The qRT-PCR technique was originally used to measure virus loads in patients for diagnosis in different diseases such as CMV, EBV, and HBV (252–254) and for monitoring viral infections in transplanted patients (255,256). Others have used qRT-PCR in follow-up examinations for treating patients with hematological cancers (257). Still others have looked for evidence of micro-metastases in blood, lymph nodes and bone marrow, by measuring the expression level of cancer specific markers (258). However, little information, is available in the literature about the utilization of qRT-PCR for immune monitoring, as this methodology as been only recently applied to this field. Although various authors have applied this technology to the analysis of immune related markers in vivo in small samples, most of these studies were not specifically related to immune monitoring of vaccinated patients (246,247,259–261). Investigators at the National Cancer Institute Surgery Branch identified T-cell reactivity toward epitopes used for active-specific vaccination of melanoma patients by measuring IFN-γ transcript levels in PBMC obtained before and after treatment and stimulated ex vivo with the vaccine-relevant epitope (5). Evidence of vaccine induced sensitization of circulating lymphocytes obtained with qRT-PCR correlated with results obtained with classic in vitro sensitization methods (244) as well as T-cell phenotyping with tetrameric HLA/epitope complexes and intra-cellular cytokine detection by FACS analysis (6,241). A significant advantage to the use of qRT-PCR for immune monitoring is its flexibility. In addition to monitoring immune reactivity against individual tumor-associated peptides restricted by specific HLA molecules, qRT-PCR can also be applied to analyze immune reactivity against whole proteins, mixtures of proteins or even whole tumor cells without knowledge of the relevant peptides or restriction elements. For instance, to monitor reactivities raised in patients with cancer of various HLA types by immunization against a tumor-associated protein, autologous antigen presenting cells manipulated to transiently express the protein of interest have been used to stimulate cytokine mRNA production from PBL collected from patients before, during and after therapy (Topalian et al., manuscript in preparation).
An important application of qRT-PCR in our experience has been the analysis of tumor specimens obtained from fine-needle aspirates. With this strategy, Morcellun measured dynamic changes in expression of tumor antigens (249), cytokines and other immune cell specific markers (262) during immunization. Although some of these markers could have been assessed by immunohistochemistry, for others there was no available antibody. In addition, the limited amount of material obtainable with fine needle aspiration would not have allowed the preparation of a sufficient number of cytology slides to study more than a few markers, while the RNA extracted from individual fine needle aspirates and amplified according to Wang's method (248) allowed the study of a virtually unlimited number of genes (263).
In conclusion, the qRT-PCR represents a useful tool for the monitoring of patients with cancer undergoing immune manipulation. This tool offers unique advantages and should be considered as part of a repertoire used to design a comprehensive immune monitoring strategy.

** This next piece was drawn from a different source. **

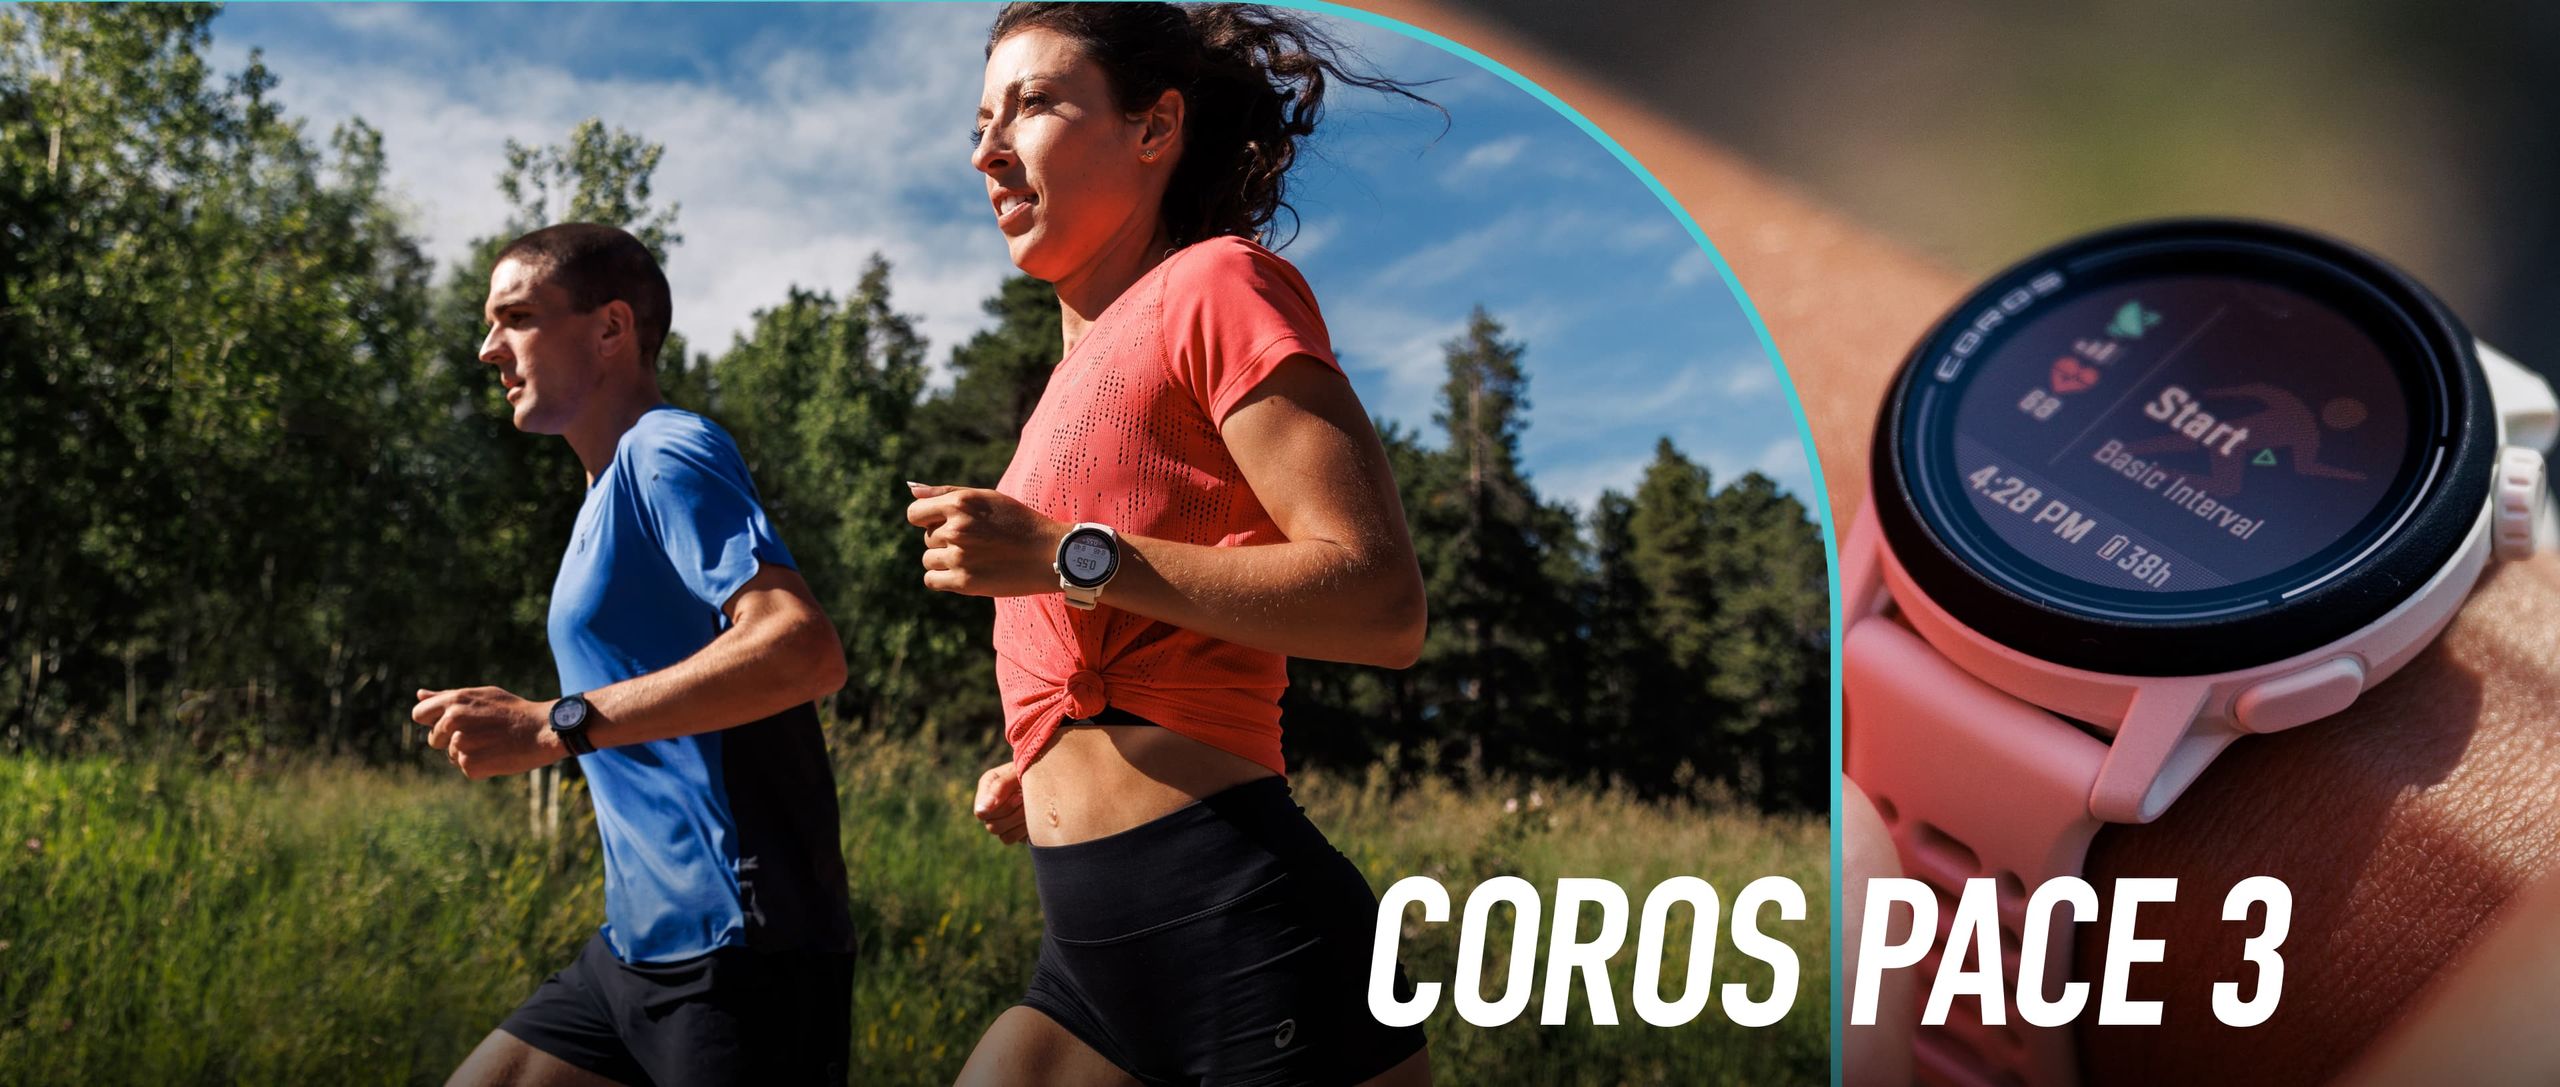 An image of a male and a female runner running outside with COROS PACE 3 watch and a close-up image of a white COROS PACE 3 watch on the activity start page.

Flanagan et al. compared responses to multiple malarial peptides using ex vivo ELISPOT, cultured ELISPOT, and lymphoproliferation assays (156). All three assays demonstrated immune responses; however, different peptide recognition patterns were observed in the three assays with little correlation between them. There was a trend for the lymphoproliferation, but not the ELISPOT data to correlate with antibody responses. Thus, ELISPOT and lymphoproliferation assays appear to measure different aspects of the immune response.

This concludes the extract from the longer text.